I don't deny the importance of encryption, it is really what shaped the modern web, allowing for secure payment, private transfer of personal information, etc... See where I am getting at?

Removing encryption means that you can't reasonably do financial transactions, accounts and access restriction, exchange of private information, etc... You only share what you want to share publicly, with no restrictions. It seriously limits commercial potential which is the point.

It also helps technically. If you want to make a tiny web server, like on a microcontroller, encryption is the hardest part. In addition, TLS comes with expiring certificates, requiring regular maintenance, you can't just have your server and leave it alone for years, still working. It can also bring back simple caching proxies, great for poor connectivity.

Two problems remain with the lack of encryption, first is authenticity. Anyone can man-in-the-middle and change the web page, TLS prevents that. But what I think is an even better solution is to do it at the content level: sign the content, like a GPG signature, not the server, this way you can guarantee the authenticity of the content, no matter where you are getting it from.

The other thing is the usual argument about oppressive governments, etc... Well, if want to protect yourself, TLS won't save you, you will be given away by your IP address, they may not see exactly what you are looking at, but the simple fact you are connecting to a server containing sensitive data may be evidence enough. Protecting your identity is what networks like TOR are for, and you can hide a plain text server behind the TOR network, which would act as the privacy layer.

[−] lasgawe 61d ago
mm, yeah. I like the idea of the small web not as a size category but as a mindset. people publishing for the sake of sharing rather than optimizing for attention or monetization.
[−] tonymet 61d ago
hats off to https://1mb.club/ and https://512kb.club/ for cataloging and featuring small web experiences
[−] Gunax 61d ago
It's sad how the snall web became invisible.

I used to use all sorts of small websites in 2005. But by 2015 I used only about 10 large ones.

Like many changes, I cannot pinpoint exactly when this happened. It just occurred to me someday that I do not run into many unusual websites any longer.

It's unfortunate that so much of our behavior is dictated by Google. I dint think it's malicious or even intentional--but at some point they stopped directing traffic to small websites.
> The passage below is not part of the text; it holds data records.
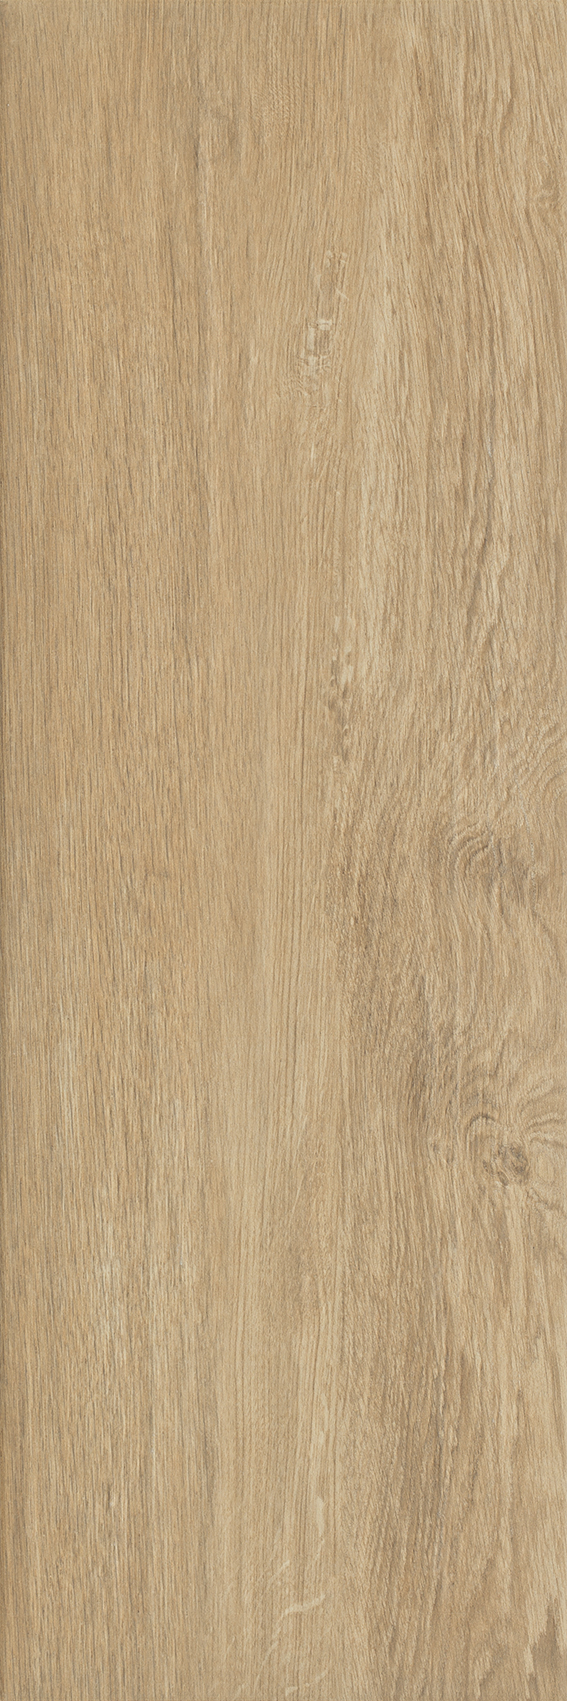 Dlažba Wood Basic Naturale 20x60 cm
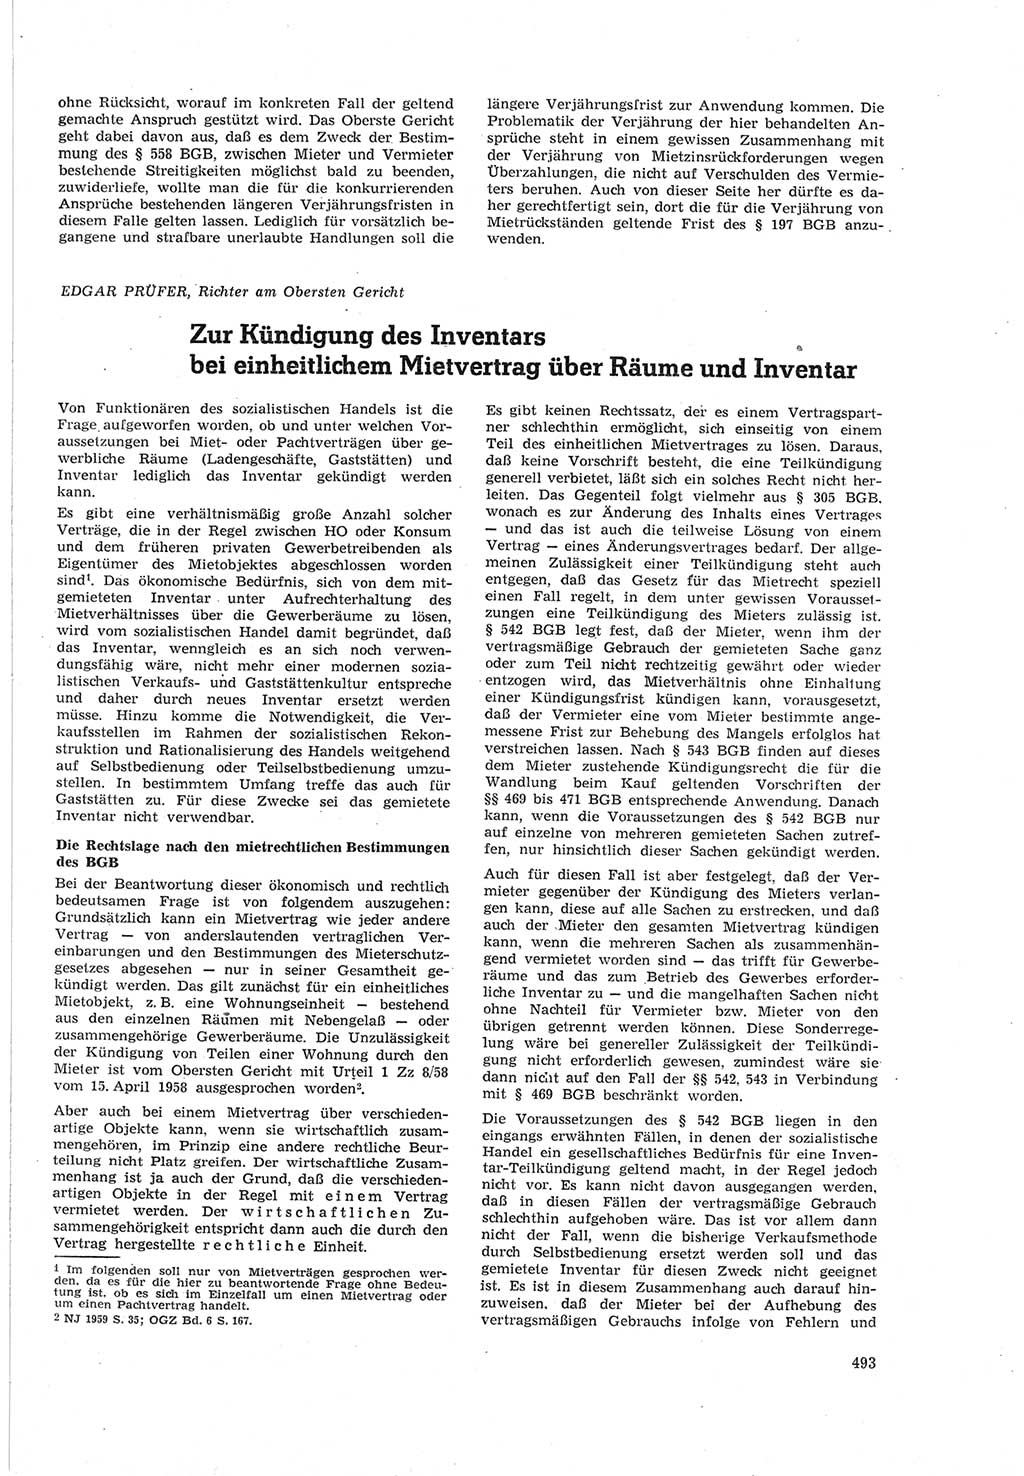 Neue Justiz (NJ), Zeitschrift für Recht und Rechtswissenschaft [Deutsche Demokratische Republik (DDR)], 18. Jahrgang 1964, Seite 493 (NJ DDR 1964, S. 493)
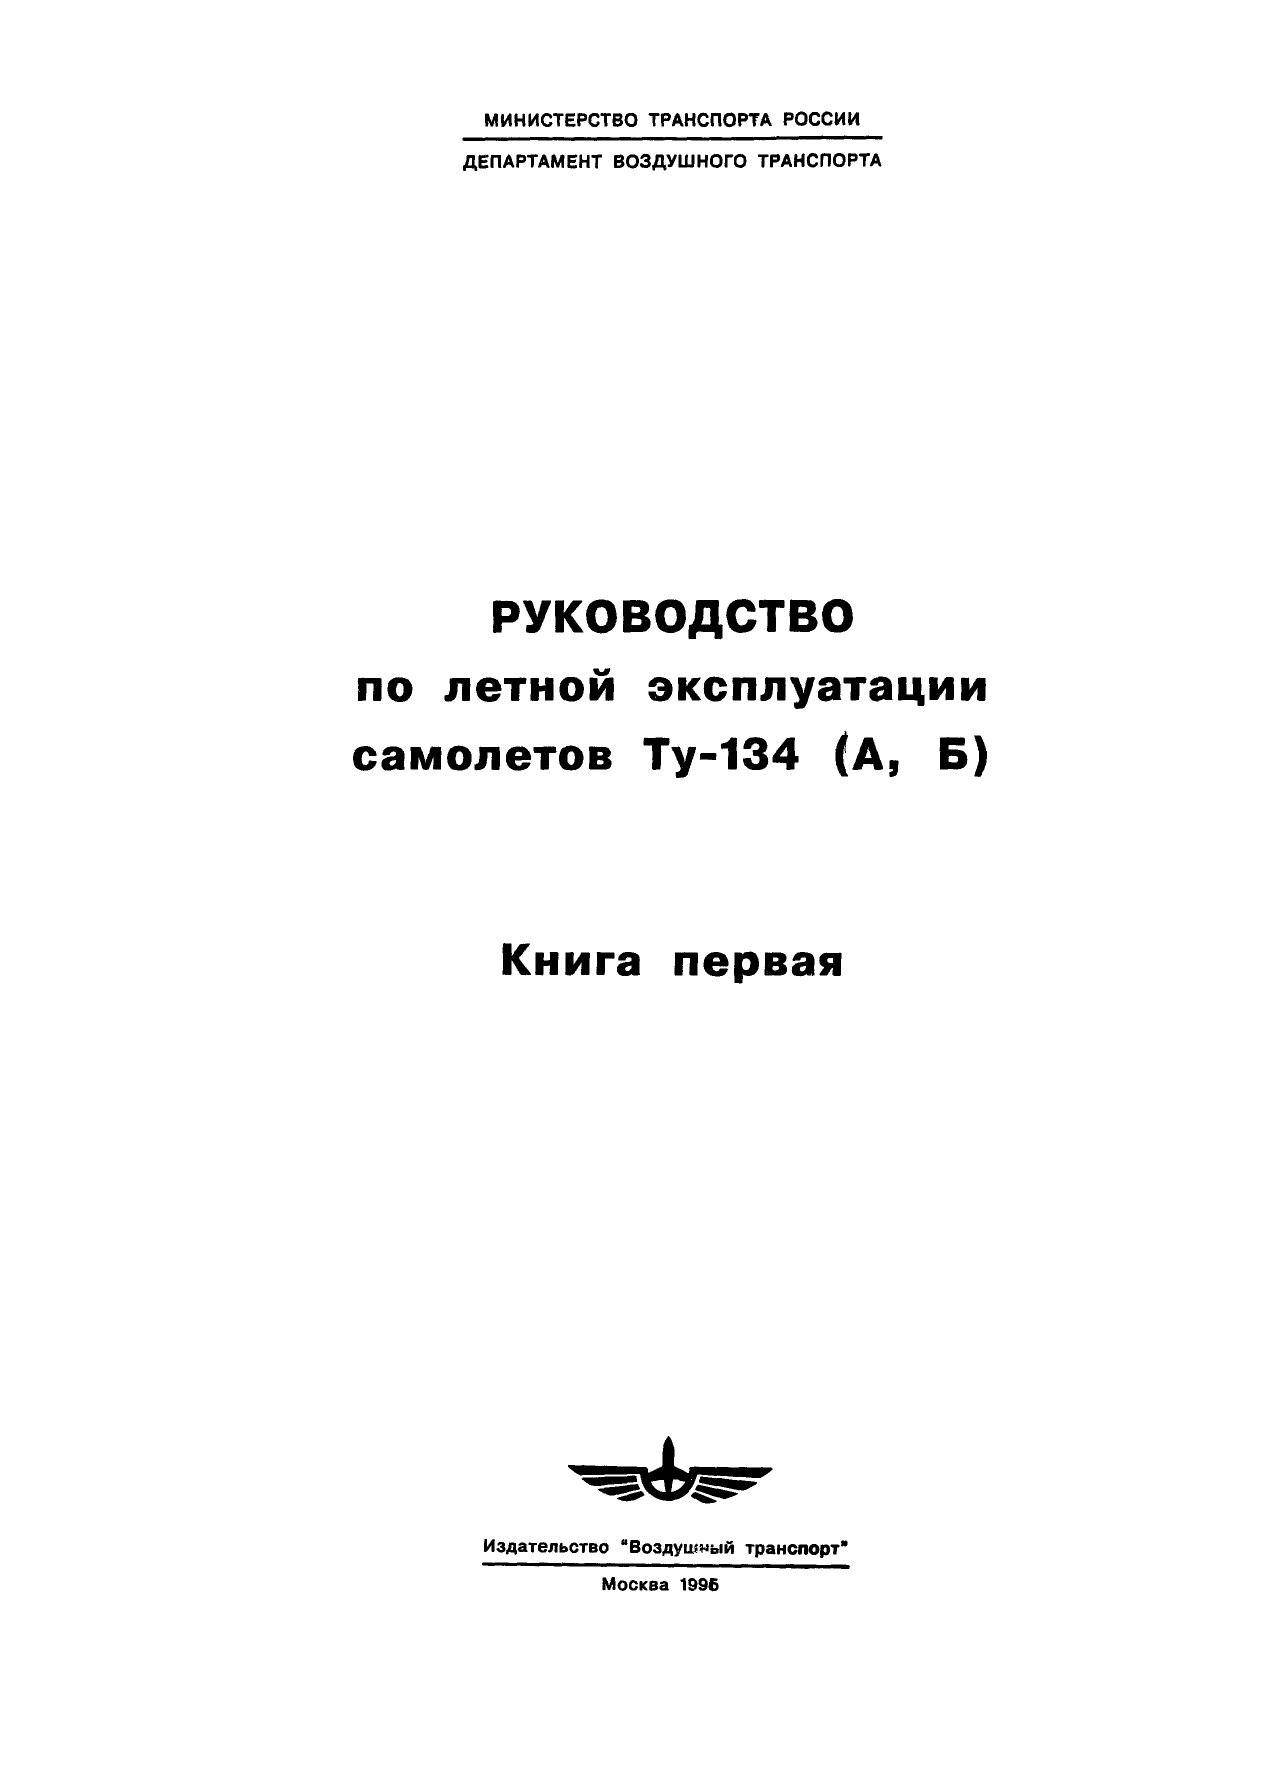 Руководство по летной эксплуатации самолетов Ту-134 (А, Б) (книга 1 из 2)

And like a highway closeure ripples through small town economies, it was barely noticed by travellers but devestating to recipients. What were once quaint sites became abandoned.

The second force seems to be video. Because video is difficult and expensive to host, we moved away from websites. Travel blogs were replaced with travel vlogs. Tutorials became videos.

[−] qudat 61d ago
I built https://prose.sh as part of my journey into Gemini and back out. Ya, it's just a simple blog, but you can completely manage it with ssh and is compatible with hugo when people want to eject.
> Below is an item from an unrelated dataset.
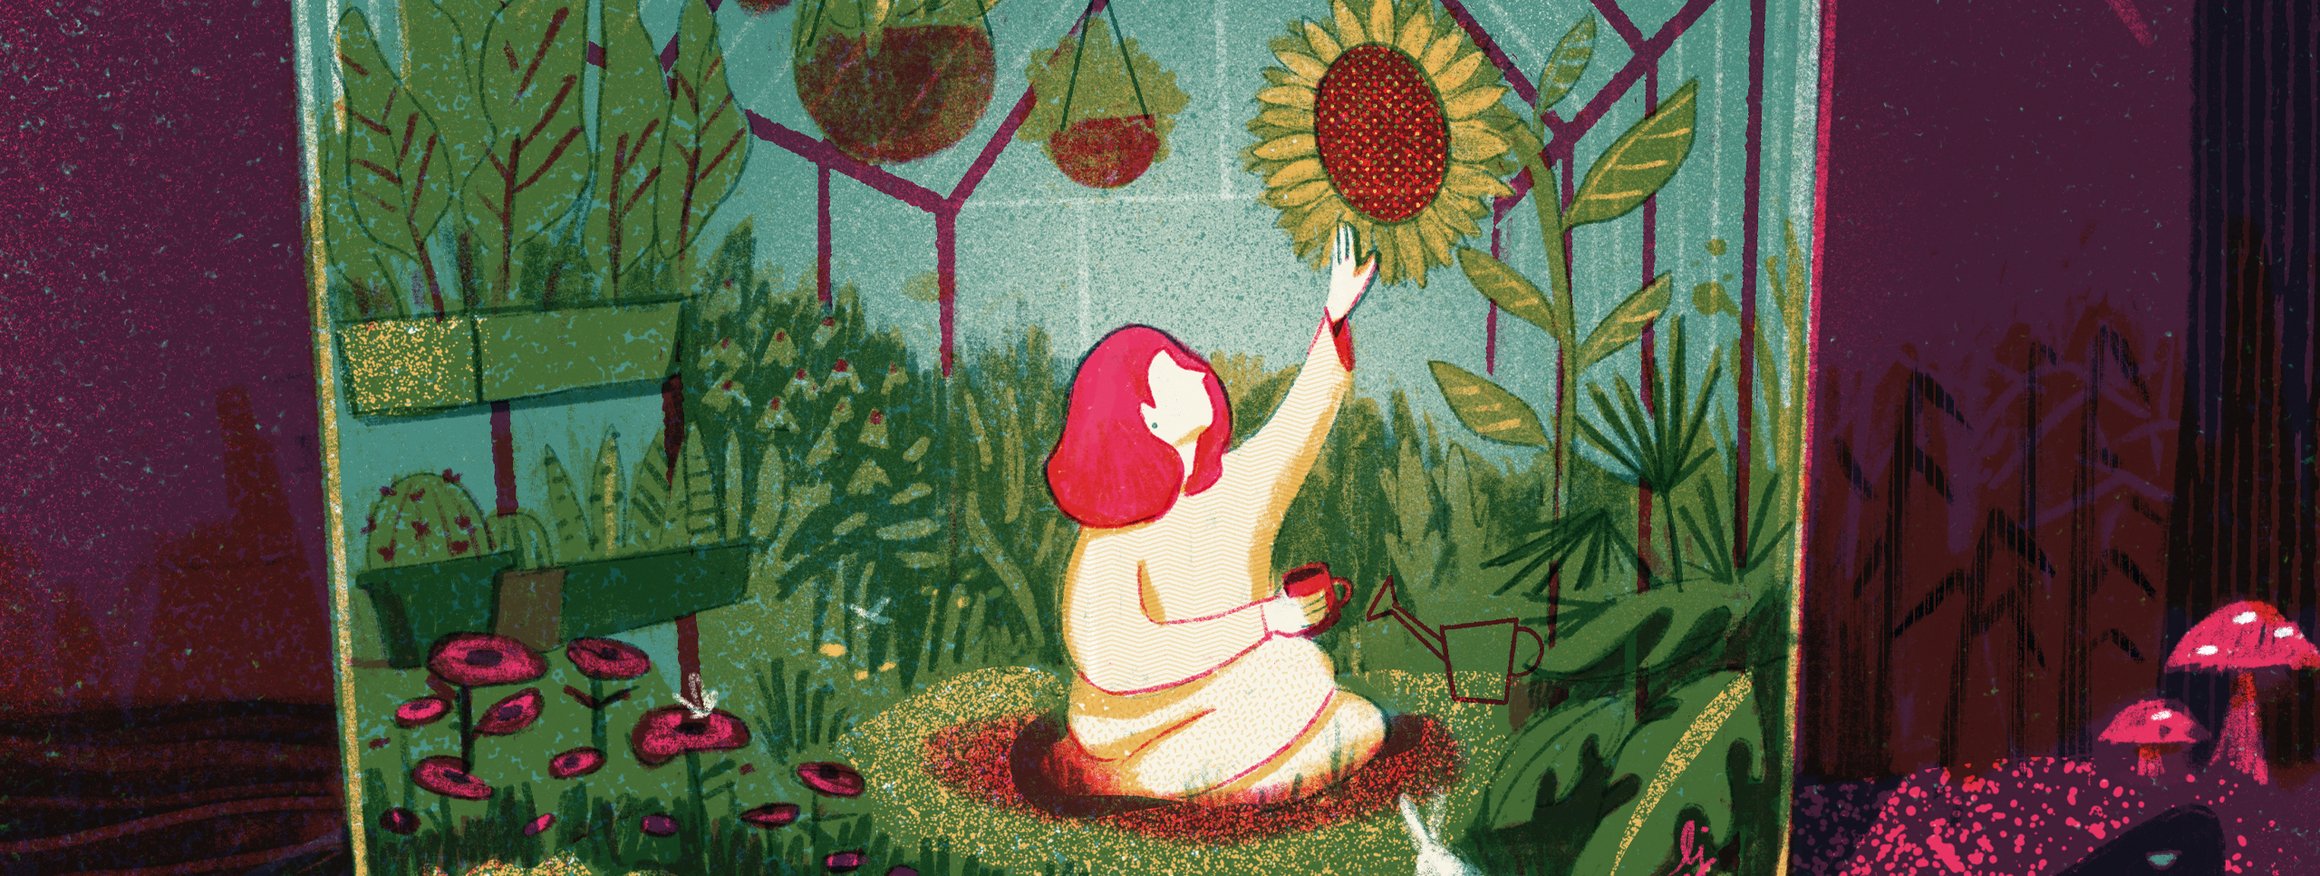 Die Illustration zeigt eine rothaarige Frau, die in einem durchsichtigen Gewächshaus sitzt, umgeben von Pflanzen, darum ist ebenfalls Natur

We also recently released support for plain-text-lists which is a gemini-inspired spec that use lists as its foundational structure.
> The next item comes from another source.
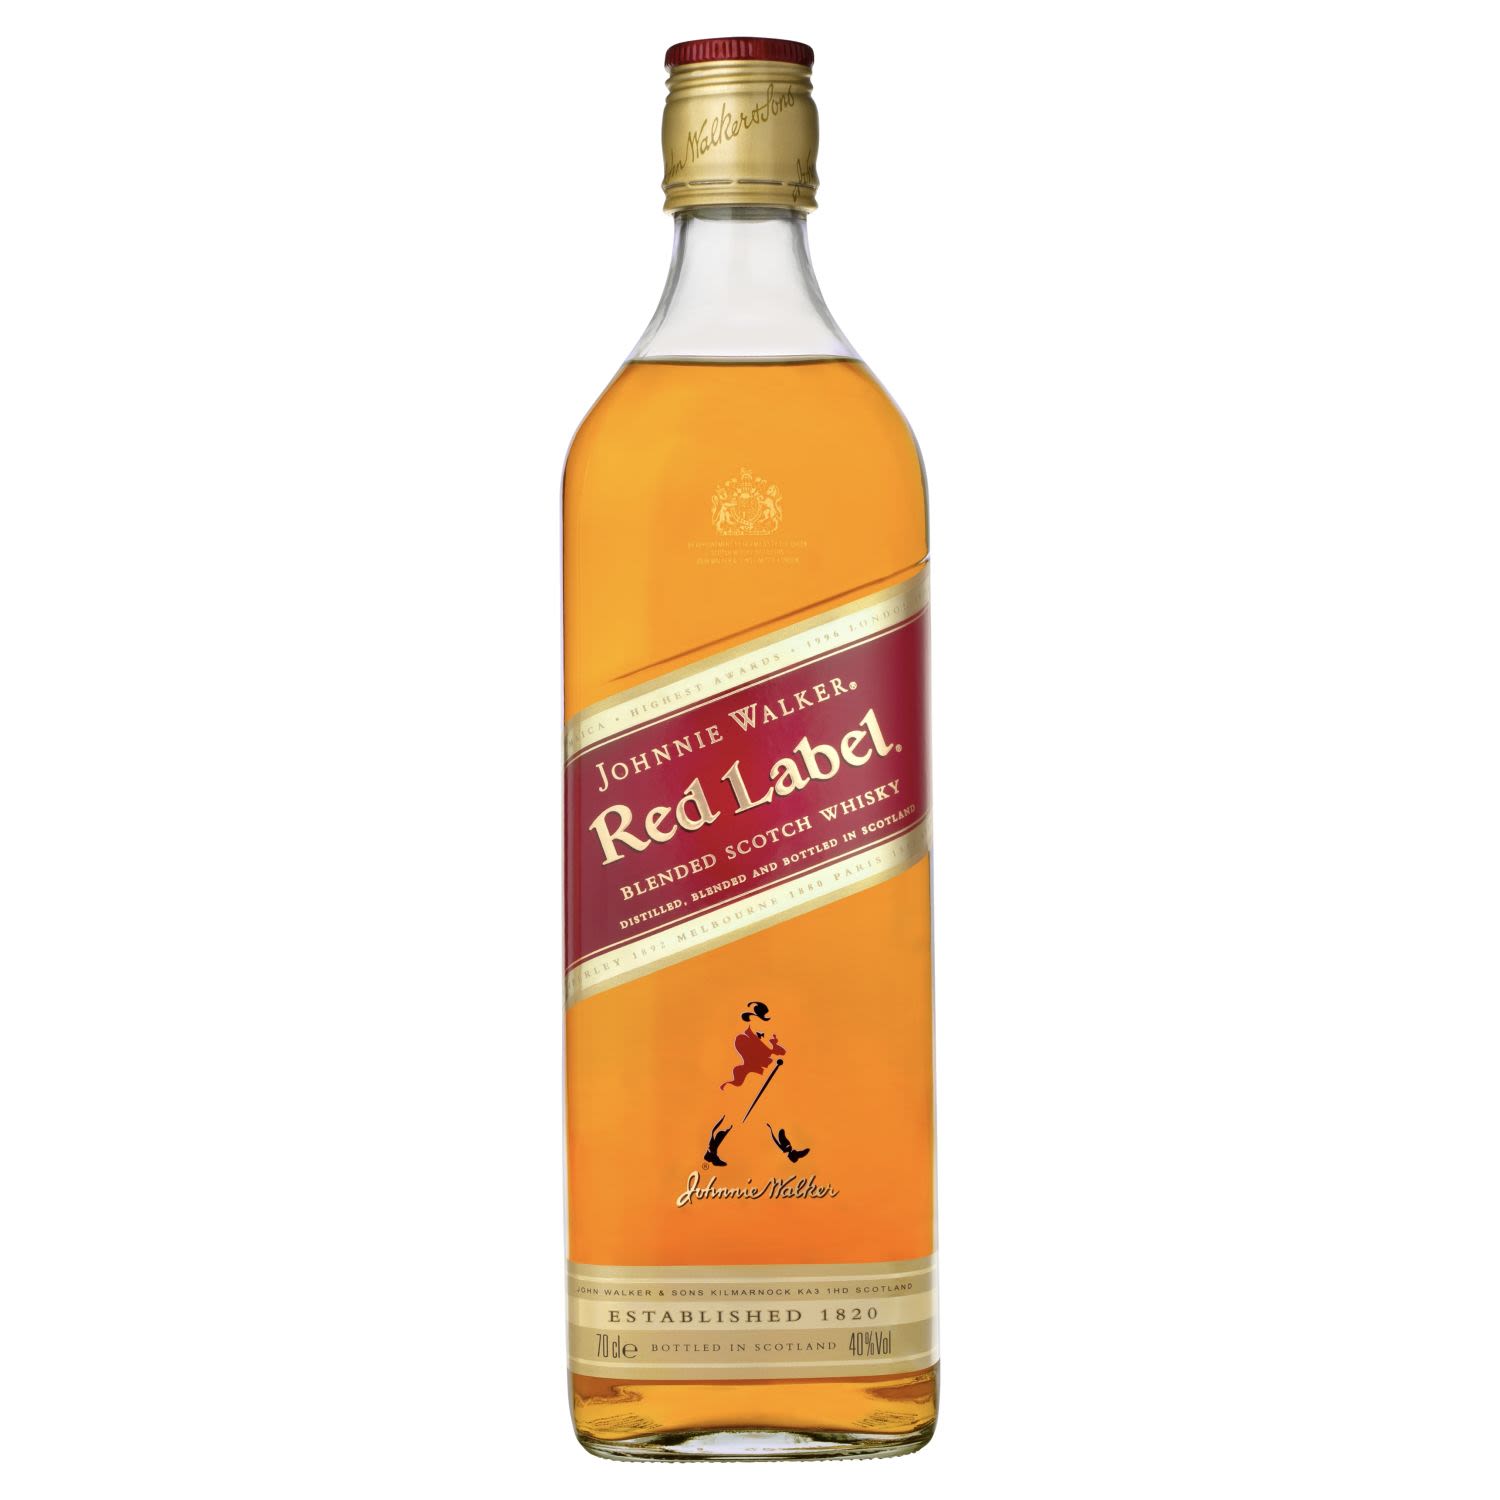 Johnnie Walker Red Label Scotch Whisky 700mL Bottle

https://pico.sh/plain-text-lists

example: https://blog.pico.sh/ann-034-plain-text-lists

[−] oxag3n 61d ago

> To be fair, I should point out that the “small” web was never defined by the number of sites, but by the lack of commercial influence.

That was my understanding before it grew - it's a web of small indie sites.

[−] lich_king 61d ago
It's easy to hand-curate a list of 5,000 "small web" URLs. The problem is scaling. For example, Kagi has a hand-curated "small web" filter, but I never use it because far more interesting and relevant "small web" websites are outside the filter than in it. The same is true for most other lists curated by individual folks. They're neat, but also sort of useless because they are too small: 95% of the things you're looking for are not there.

The question is how do you take it to a million? There probably are at least that many good personal and non-commercial websites out there, but if you open it up, you invite spam & slop.

[−] followdev 61d ago
I built FollowDev.com which is like Kagi Small Web but for software developer blogs.

It has about 1000 blogs in the repo at the moment. Discovering was the most time consuming part.